After thinking about the problem a bit more, I thought I’d add another example with some corner cases that my solution will need to consider. If you look below, you’ll see a graph with a more complicated cycle and a non-contiguous section. The nodes I expect the algorithm to discover are shown in green:

Here are the edge pairs:

  • A -> B
  • A -> E
  • A -> F
  • E -> H
  • E -> G
  • B -> A
  • B -> C
  • C -> B
  • C -> D
  • I -> J
  • I -> K
  • H -> L

22 comments to “Graph Theory Problem”

You can leave a reply or Trackback this post.
  1. http://Matthew says: -#1

    What do you do about the infinite loop? I don’t see any mention of a rule to only traverse any given node once for a particular start point.

  2. There was intentionally no mention of such a rule. The only objective is to find the solution by whatever means necessary.

  3. http://Daniel says: -#1

    My first guess would be to run a Depth First Search on each node–keeping track of pre and post numberings. That node’s “score” would be the post – pre ordering numbers.

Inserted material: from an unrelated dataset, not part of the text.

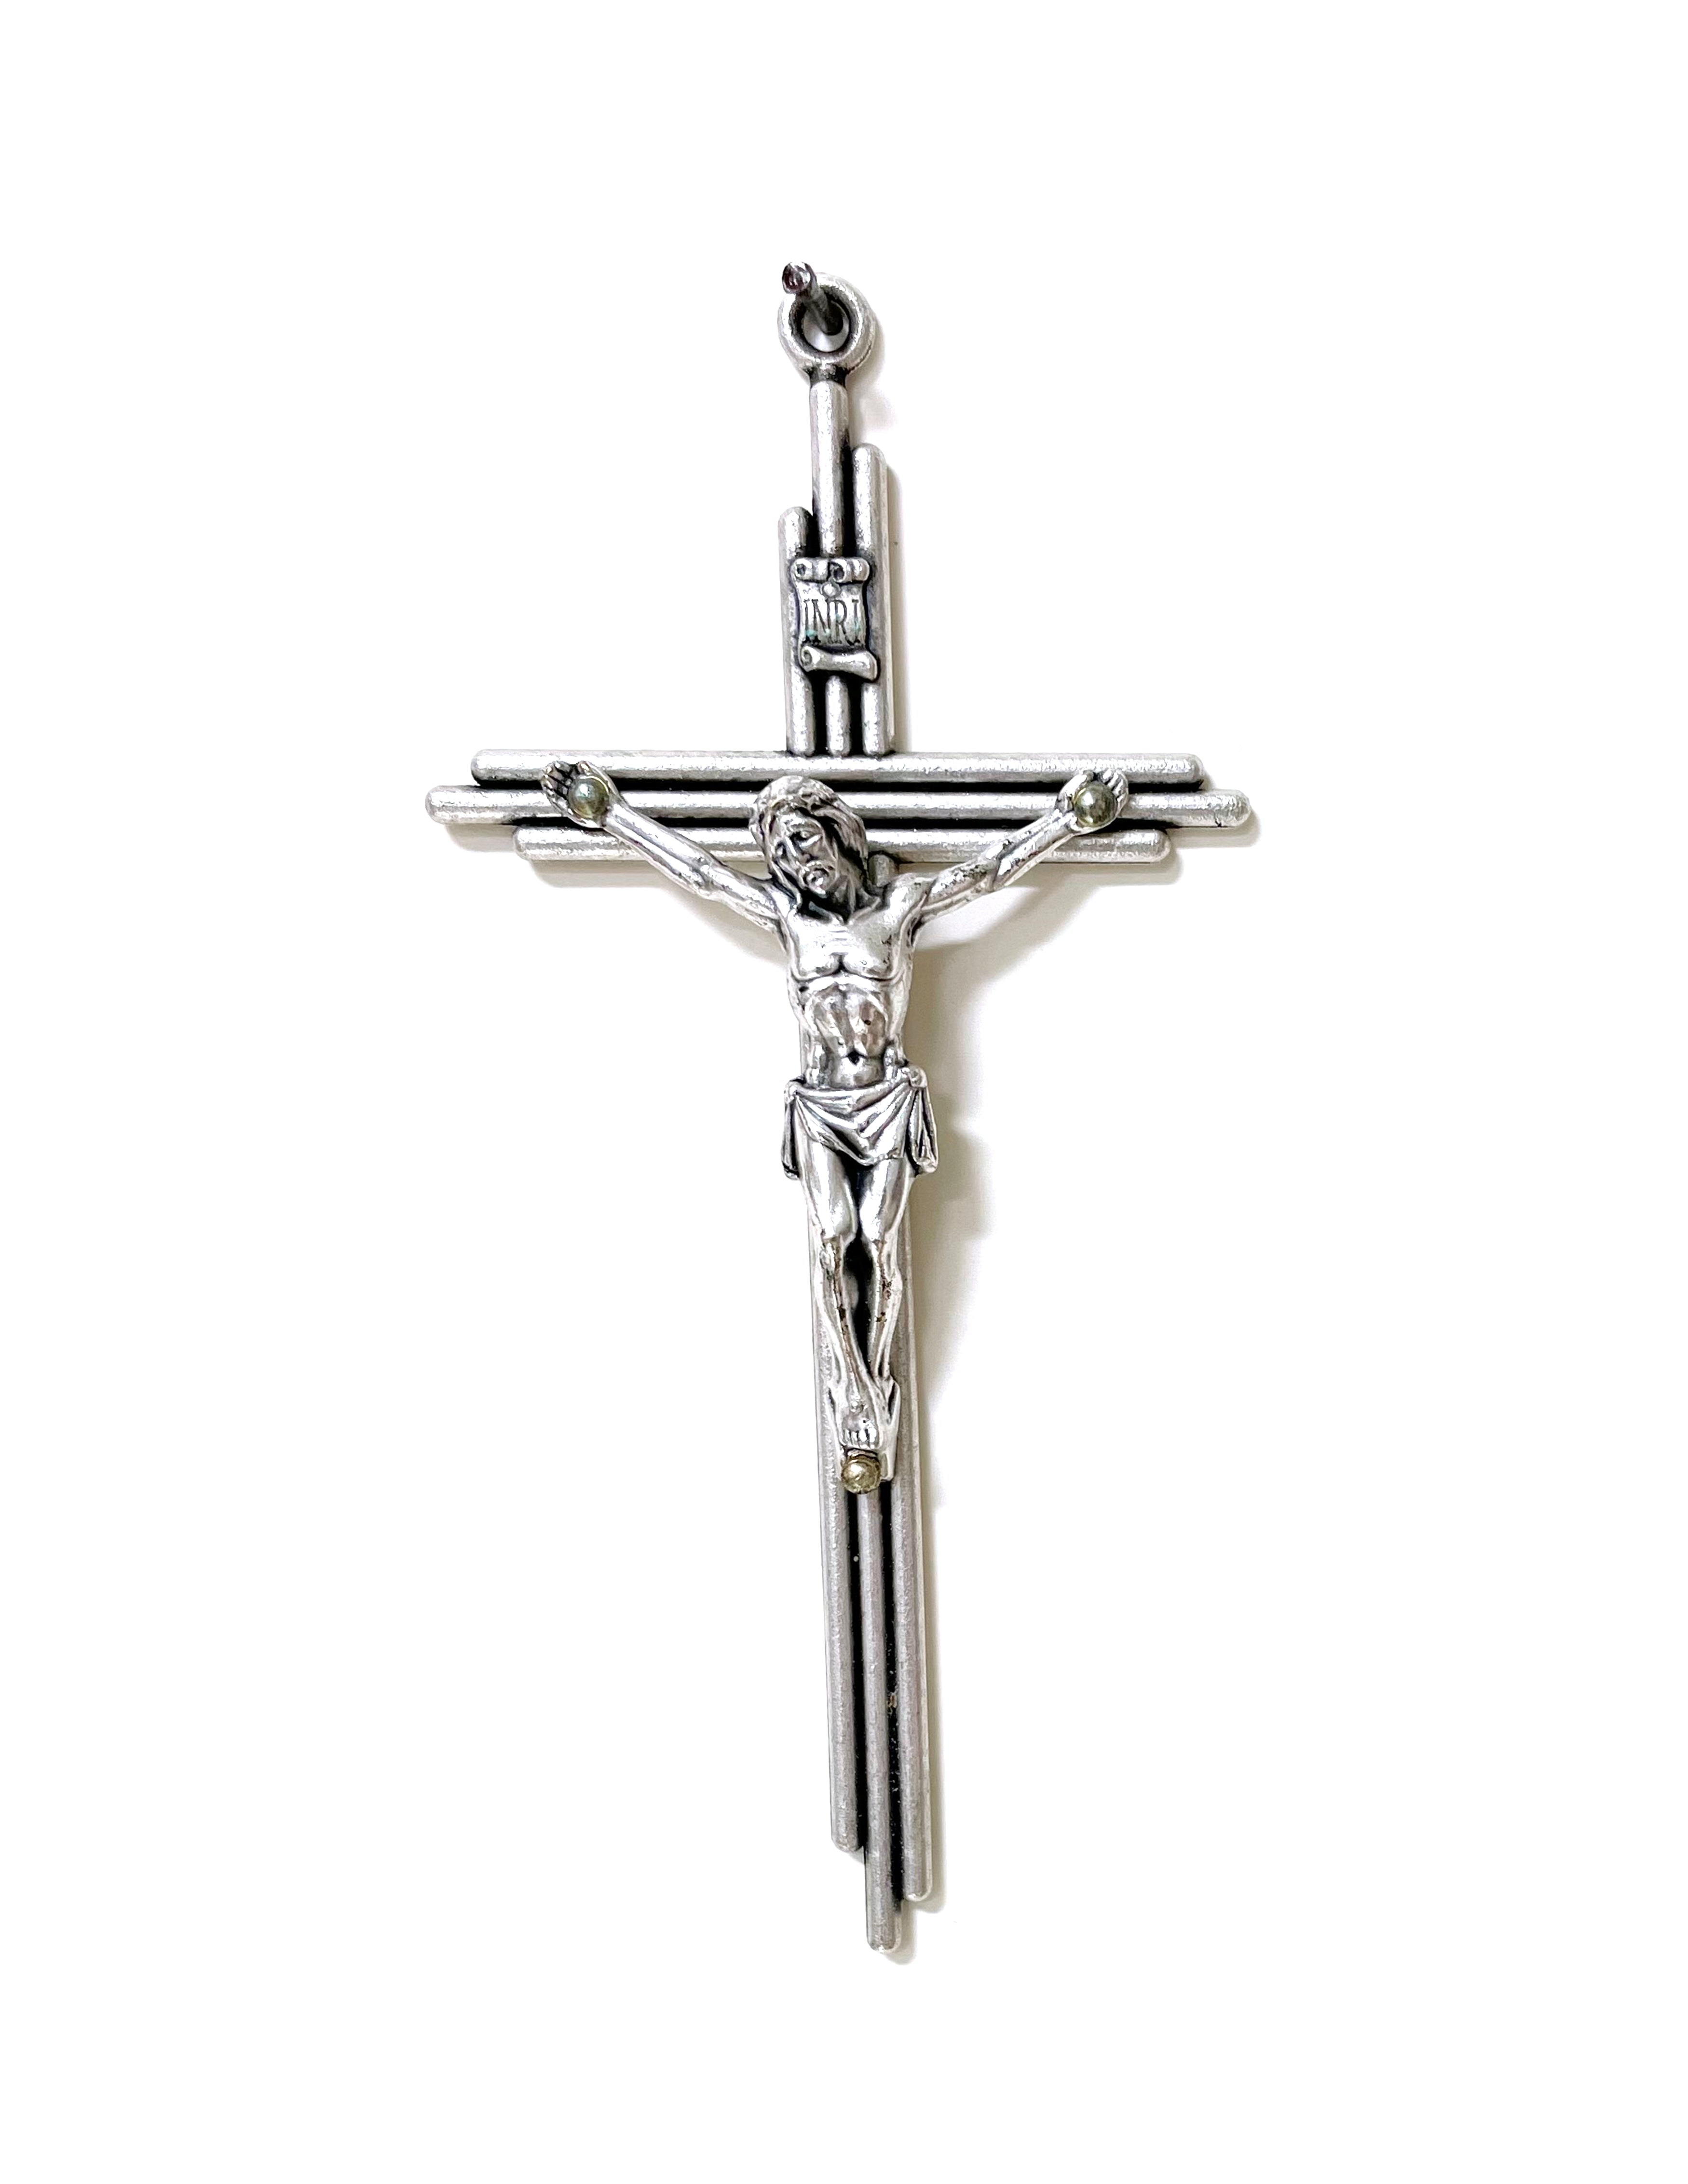 5.5" rustic metal crucifix

I guess you could actually just increment a counter each time you postvisit a node, since the previsit number of the root node would always be 1.

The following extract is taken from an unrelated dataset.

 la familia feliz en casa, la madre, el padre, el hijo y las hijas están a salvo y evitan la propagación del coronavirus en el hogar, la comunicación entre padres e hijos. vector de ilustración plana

    So, a recursive version would be something like this:

    for v in G:
    score(v) = 0
    dfs(v)

    def dfs(v):
    mark v as visited
    for all i adjacent to v such that i not visited
    dfs(i)
    increment score(v)

  4. http://Daniel says: -#1

    An instruction “unmark everything” should go after “score(v) = 0)

  5. http://David%20Owen says: -#1

    Bugs probably included, no additional charge :)

    def influences(graph):
        sources = set([edge[0] for edge in graph])
        sinks = set([edge[1] for edge in graph])
    
        parents = dict([(s, set()) for s in sinks])
        inf = dict([(s, set()) for s in sources])
        updated = set()
    
        for (a, b) in graph:
            parents[b].add(a)
            inf[a].add(b)
            updated.add(a)
    
        while updated:
            n = updated.pop()
            hits = inf[n]
            for p in parents[n]:
                phits = inf[p]
                if hits.issubset(phits): continue
                phits.update(hits)
                updated.add(p)
    
        return inf
    
    def reaches(graph):
        return [(a, len(b)) for (a, b) in influences(graph).iteritems()]
    
    def supernodes(graph):
        r = reaches(graph)
        x = max([b for (a, b) in r])
        return [a for (a, b) in r if b == x]
    
    graph = [('a', 'b'),
             ('a', 'f'),
             ('a', 'e'),
             ('e', 'h'),
             ('e', 'g'),
             ('b', 'a'),
             ('b', 'd'),
             ('b', 'c')]
    
    print supernodes(graph)
    
  6. Crap, my stupid blog strips white space from the beginning of comment lines, so your python code got munged. Sorry. I think you may be able to indent with HTML codes, though…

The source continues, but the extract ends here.